Remember the childhood rhythm: Susie and Tommy sitting in a tree

K-I-S-S-I-N-G, first comes love, then comes marriage, then comes a baby in a baby carriage.  Is it inevitable that the love goes away when the baby comes?  Does the spark and excitement of the relationship slip away when there is a little one needing care and attention?

Most people would say that the excitement evaporates in a haze of sleeplessness and dirty diapers, and in some sense that is true.  Most couples identify the beginning of the distance that grows between them (and too often threatens to topple the marriage) to the very time that we feel should be full of joy and wonderment.

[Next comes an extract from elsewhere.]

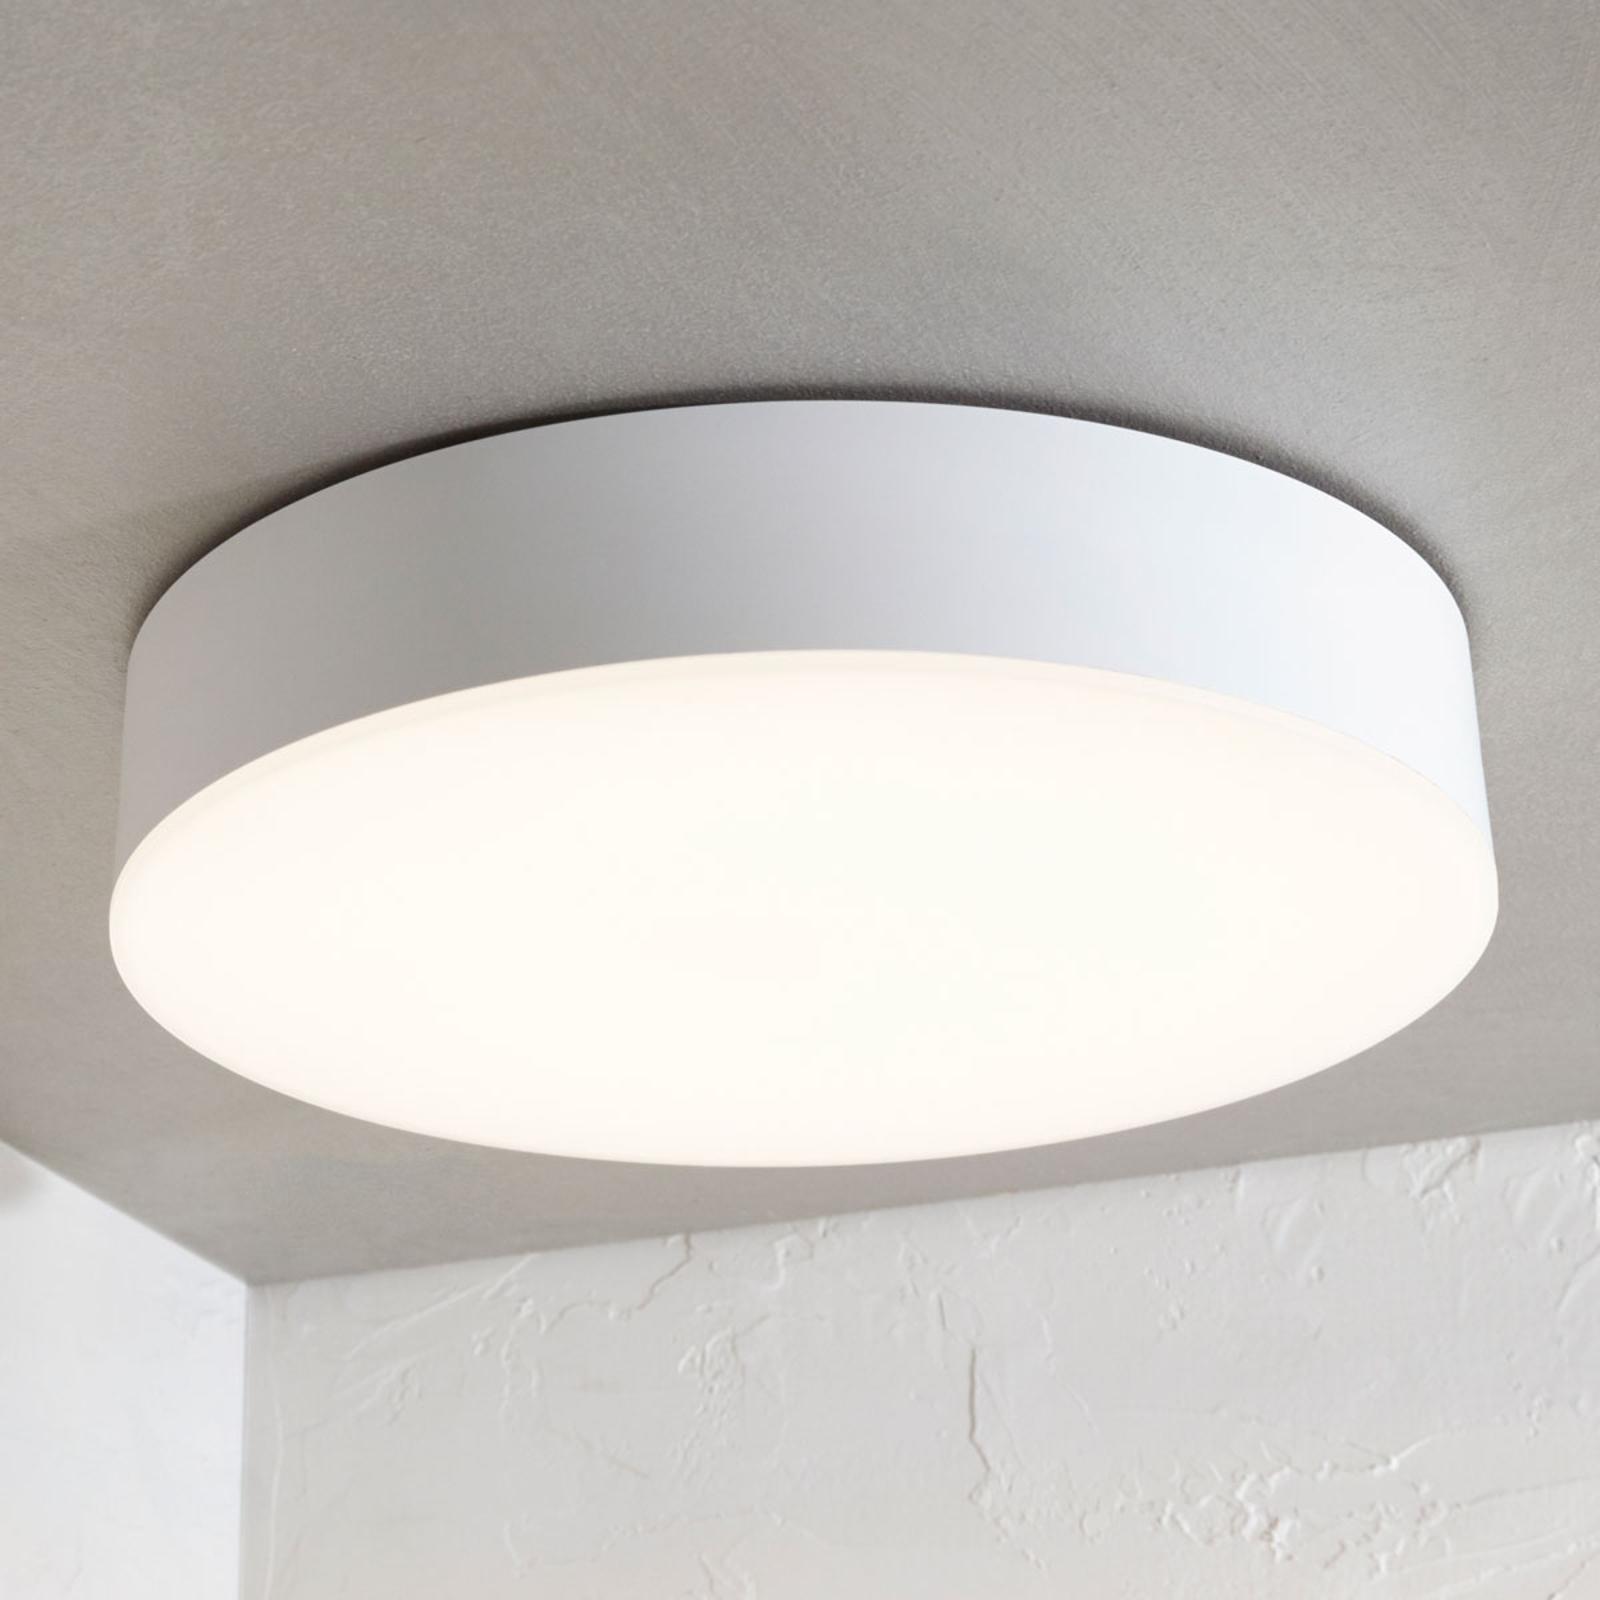 Lampa sufitowa LED Lyam, IP65, biała

Too often babies take all the energy that their parents have, and parents forget to focus on themselves and their relationship.  It is not selfish to take time to be “off-duty” and be a vibrant adult.  Effective parenting is not about total self-sacrifice and self-denial.  Children who see their parents enjoying themselves will develop a healthy sense of what adulthood is about, along with what a well-balanced marriage looks like.  As children see you relate to your partner in healthy ways, they will develop the confidence to do the same in their relationships.

Managing the Logistics.

This is often one of the most difficult things that couples face.  They are so busy with work and the logistics of children that they feel that they are just too tired to nurture the relationship.  The good news is that you don’t need to go to Paris or have candlelight dinners every night.  You can nurture the relationship by taking some time to be together.  It can be as little as 5-10 minutes a day if that is all you can manage.  What is important is that you and your partner are carving time out for yourself.  Sit together on the couch and hold hands, have a cup of tea or a glass of wine.  Talking is not so important, it is simply the act of being together that elevates your relationship to something that is worthy of its own time and space. 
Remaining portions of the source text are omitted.